Publication Date : Jan-12-2026

DOI: 10.70251/HYJR2348.41250262


Author(s) :

Tracy Xie.


Volume/Issue :
Volume 4
,
Issue 1
(Jan - 2026)



Abstract :

This paper investigates how Japan’s Ministry of Education and the Liberal Democratic Party shaped public memory of wartime atrocities, specifically the Nanking Massacre (also known as the Nanjing Massacre or the Rape of Nanking), through the censorship and revision of history textbooks in the late 1980s to early 1990s. Drawing on theories of public and cultural memory, as well as Pierre Nora’s concept of sites of memory, it situates the textbook controversies within a broader historiographical landscape.
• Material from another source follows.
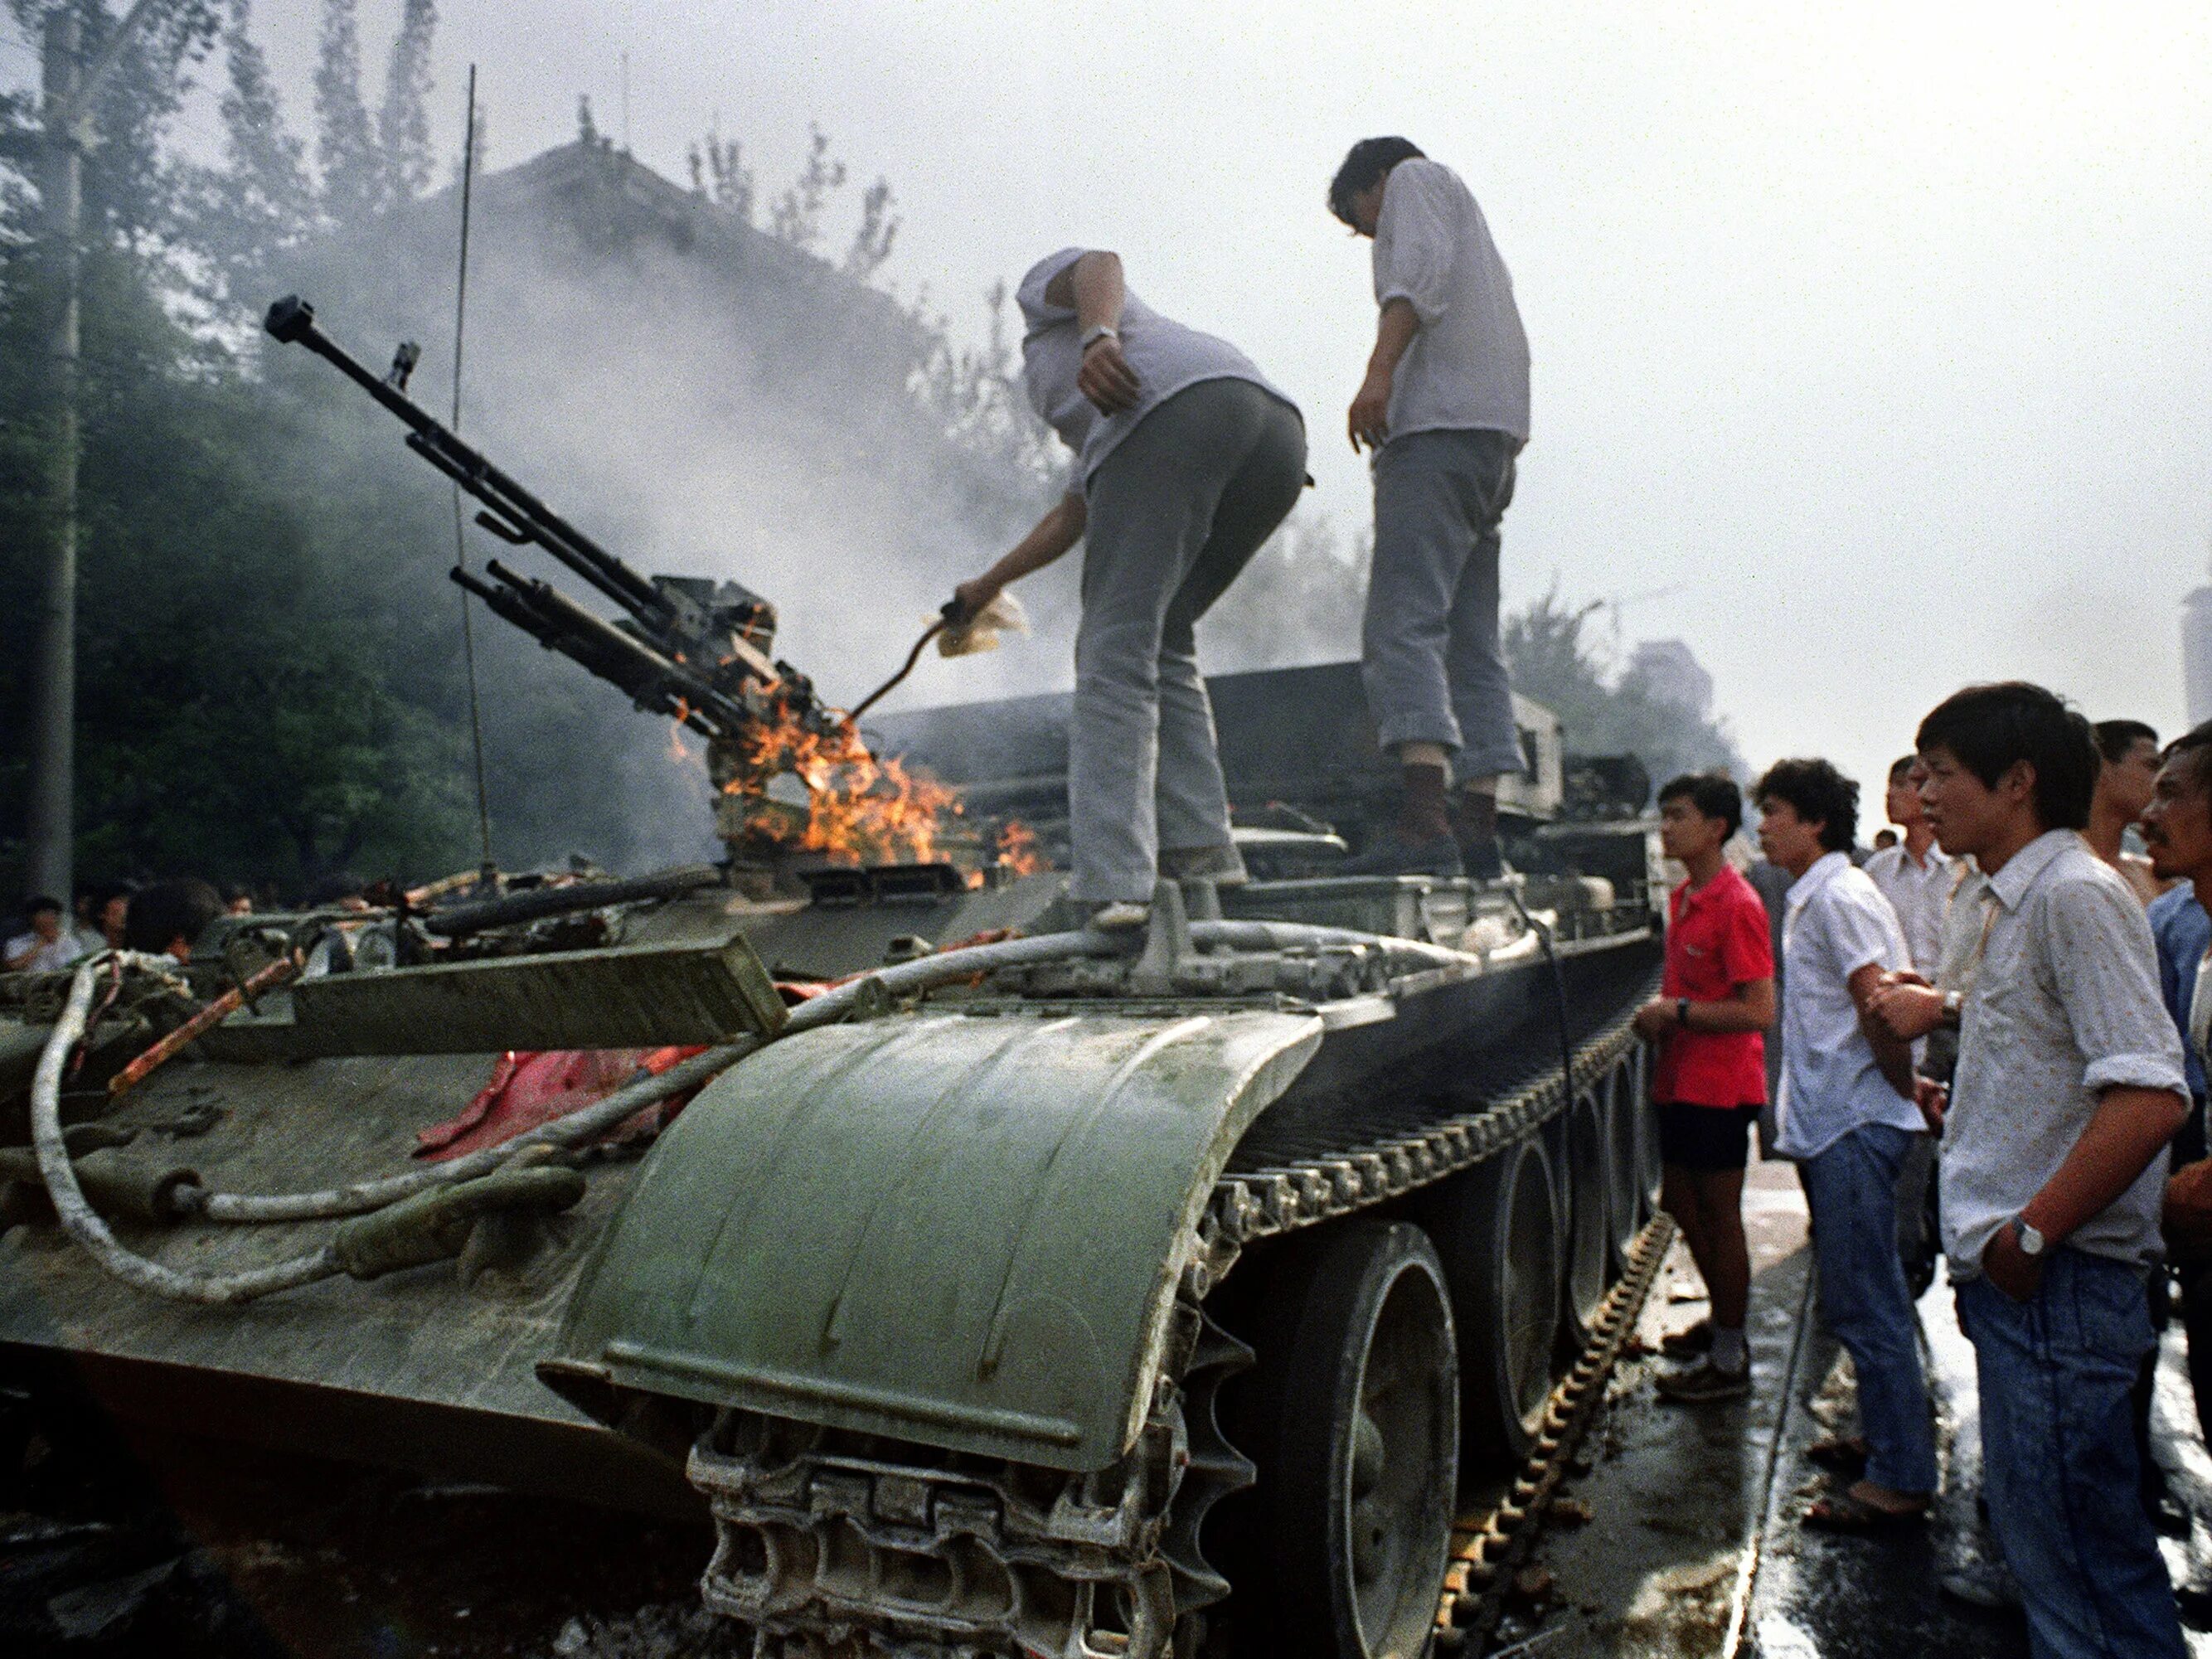 Ужасные события произошедшие в. Китай площадь Тяньаньмэнь 1989. 1989 Год Китай площадь Тяньаньмэнь. Тяньаньмэнь 4 июня 1989 года. Китай 1989 площадь Тяньаньмэнь танки.

The study employs qualitative textual analysis of Ministry of Education-approved high school textbooks, ministry revision comments, and court documents from Saburo Ienaga’s lawsuits to trace how language was softened, omitted, and used to support an ideological narrative. By examining rhetoric shifts (for example, replacing “invasion” with “advance”) alongside scholarly interpretations by Laura Hein, Mark Selden, and Yoshiko Nozaki, the research demonstrates how state institutions perpetuated denialist narratives that prioritized national pride over historical accountability. It further argues that while Ienaga’s litigation briefly amplified liberal and anti-denialist perspectives, court rulings upheld the screening system, reinforcing governmental control over historical education. The paper concludes that Japan’s post-war education system functioned as a tool of memory politics: it cultivated a dominant narrative that minimized the Rape of Nanking, influenced intergenerational perceptions of moral responsibility, and strained relations with neighboring victim countries of China and South Korea. These findings underscore the broader implications of state-controlled educational narratives for reconciliation efforts and international diplomacy.